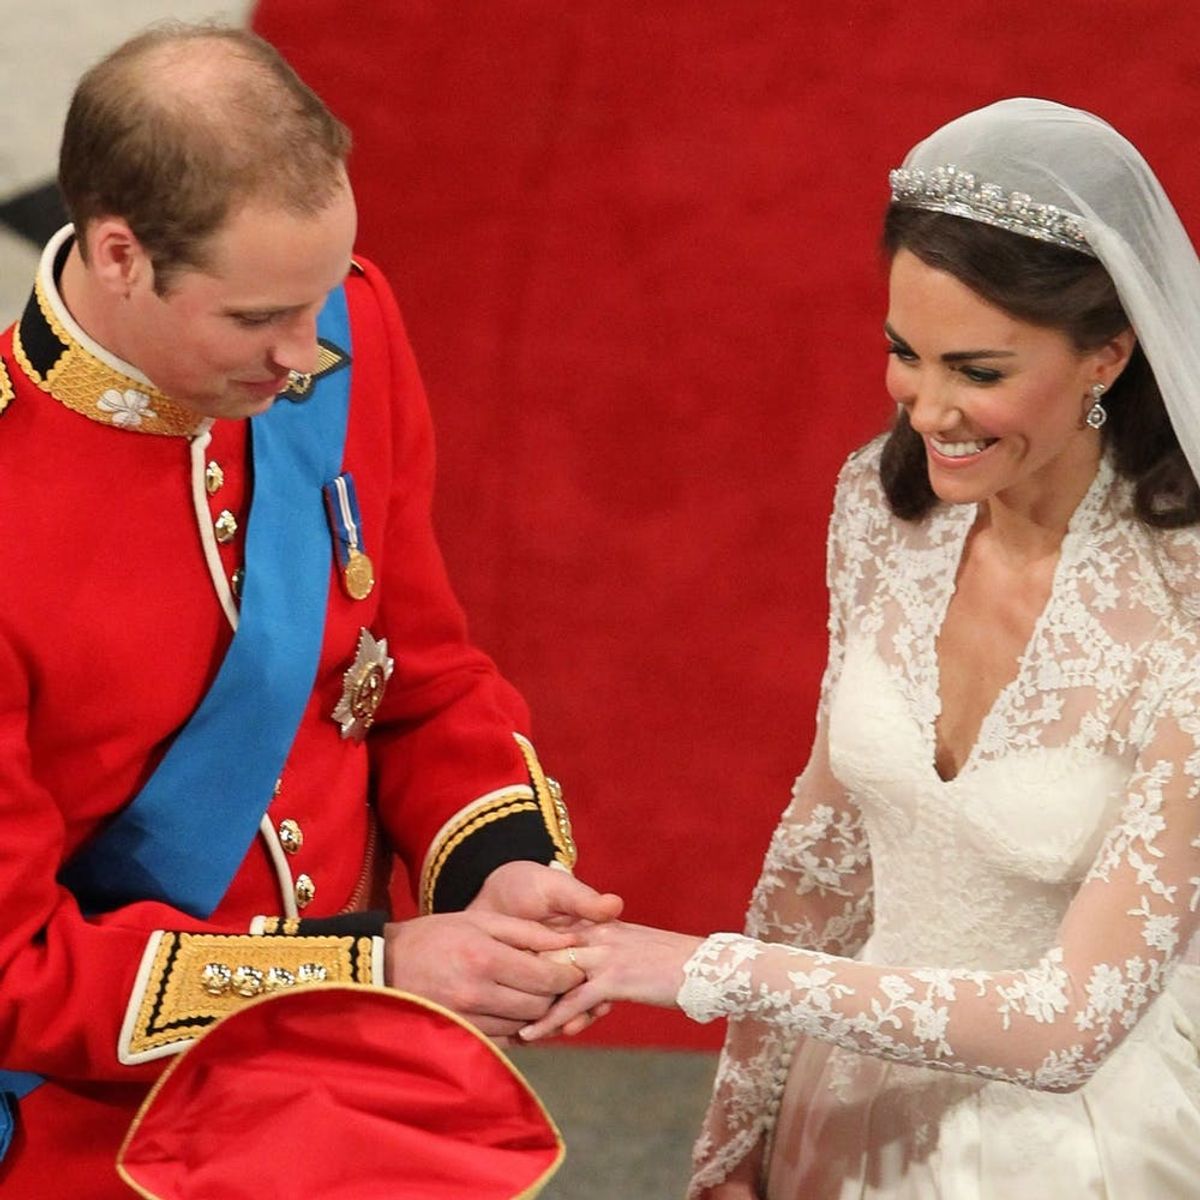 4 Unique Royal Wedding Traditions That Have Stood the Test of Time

************

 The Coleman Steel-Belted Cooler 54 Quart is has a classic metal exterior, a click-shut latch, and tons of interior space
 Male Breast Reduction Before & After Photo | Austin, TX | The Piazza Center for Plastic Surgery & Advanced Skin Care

************

• _EXERCISE_:
Repeat, word for word, the lines above between the line holding "The Coleman Steel-Belted" and the line holding "Male Breast Reduction", inclusive; omit everything else.

• _RESPONSE_:
 The Coleman Steel-Belted Cooler 54 Quart is has a classic metal exterior, a click-shut latch, and tons of interior space
 Male Breast Reduction Before & After Photo | Austin, TX | The Piazza Center for Plastic Surgery & Advanced Skin Care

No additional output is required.